Remote Billing/claims Rep

Remote Full-time
About the position

The main purpose of a Claims Analyst at TEKsystems is to process pended medical claims by verifying and updating information on submitted claims and reviewing work processes to determine reimbursement eligibility. This role is crucial in ensuring that payments and/or denials are made in accordance with company practices and procedures. The Claims Analyst will be responsible for organizing and working with detailed office or warehouse records, utilizing computer systems to enter, access, search, and retrieve data efficiently. In this position, the Claims Analyst will prepare and review insurance claim forms and related documents for completeness, ensuring that all necessary information is present. Customer service is a key component of this role, as the analyst will provide limited instructions on how to proceed with claims and may refer clients to other facilities or contractors as needed.
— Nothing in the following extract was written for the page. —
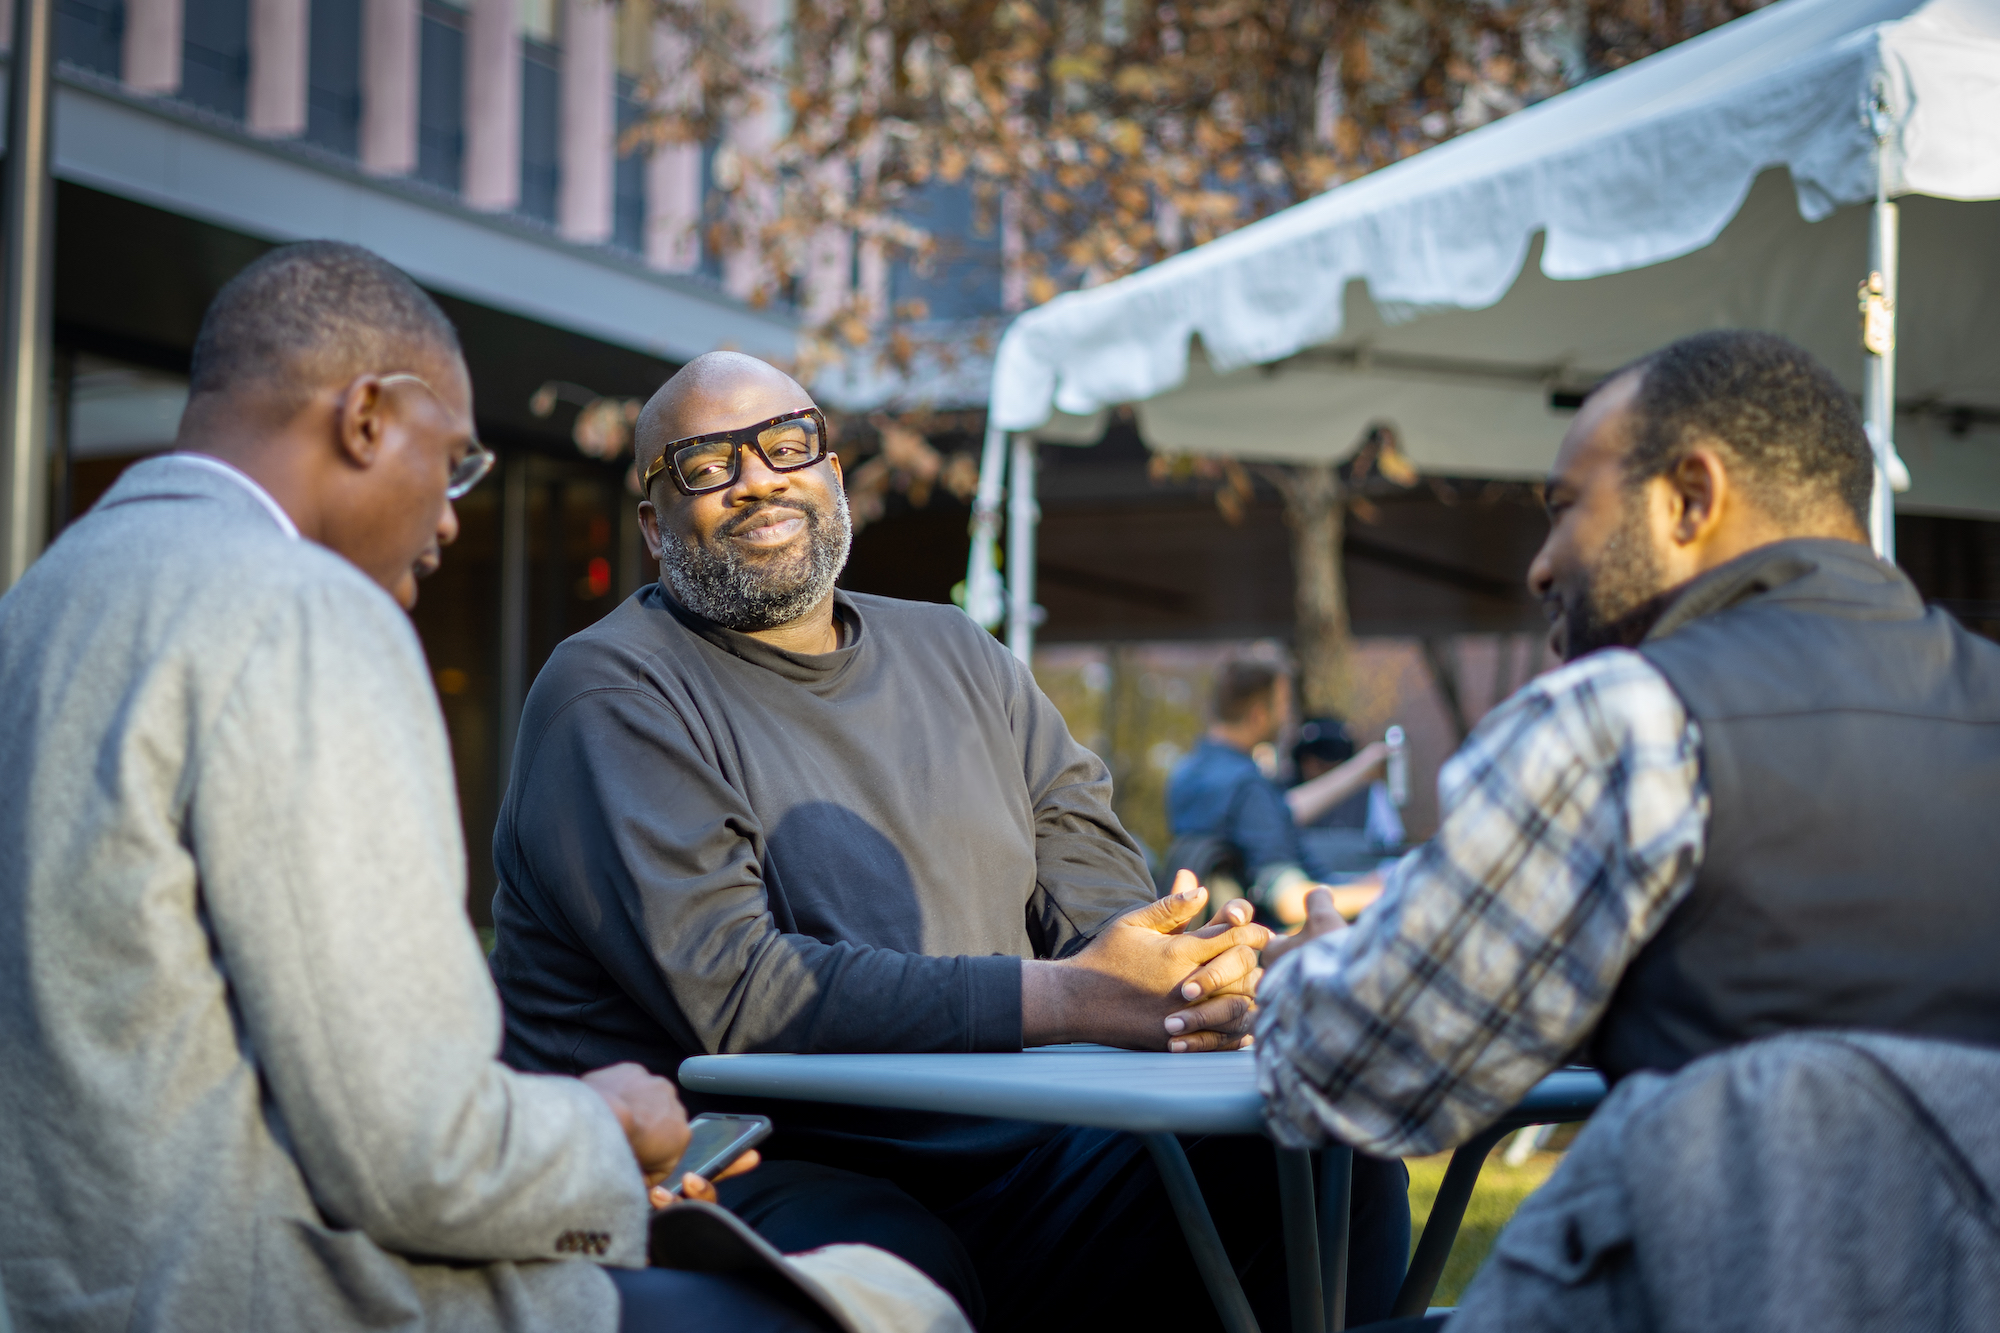 George Greenidge, seated at a table, outside, talking with students Darold Cuba (right) MC/MPA ‘21 and community member like Kalu K. Ugwuomo, Jr. (left) Co-founder and Managing Partner at Kalgomex Ventures
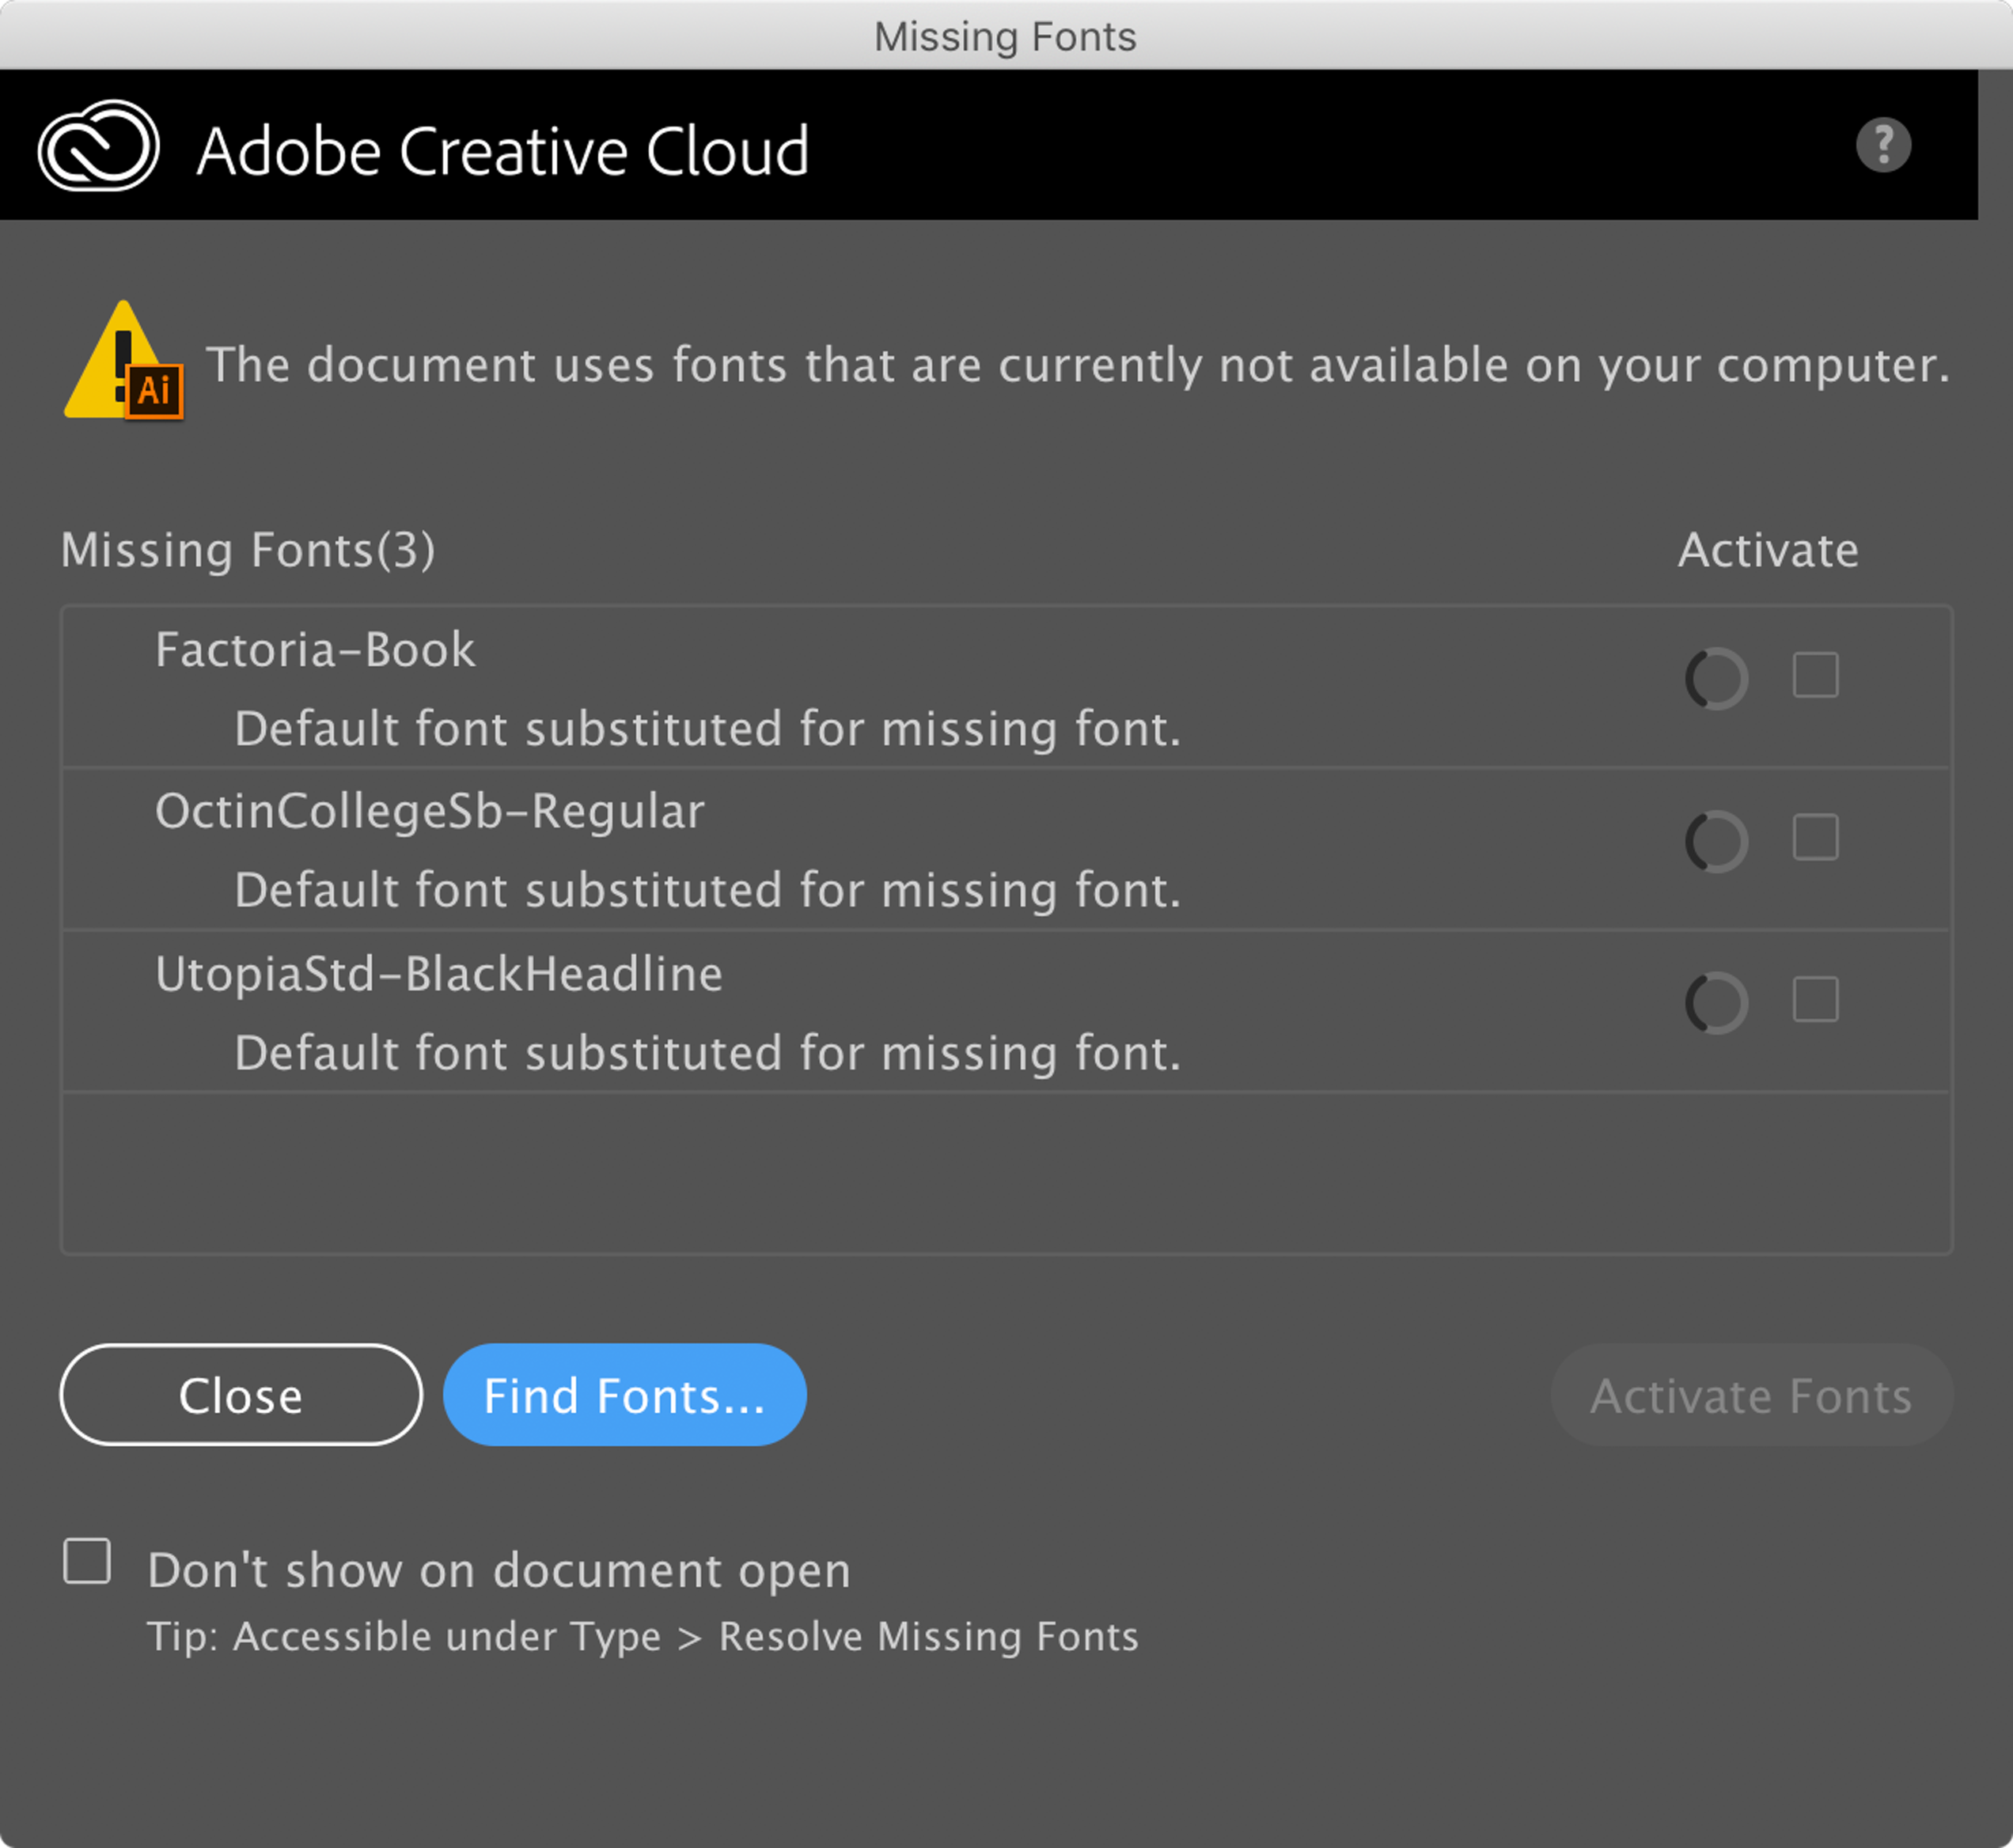 A software programme dialogue from Adobe Illustrator with the message "The document uses fonts that are currently not available on your computer", and lists 3 missing fonts

The analyst will also review claims to determine whether the claimant is covered under a policy, evaluate the extent of a settlement, and review the policy to determine coverage. Additionally, the Claims Analyst will authorize claim payments, set reserves on payments, and ensure the timely disbursement of funds. This role may involve coordinating or conducting investigations on claims, identifying claims with possible recovery from third parties, and consulting with attorneys, doctors, and agents regarding the disposition of complex claims. This position is designed for individuals who are detail-oriented and capable of managing multiple tasks effectively in a fast-paced environment.

Responsibilities
• Organize and work with detailed office or warehouse records using computer systems to enter, access, search, and retrieve data.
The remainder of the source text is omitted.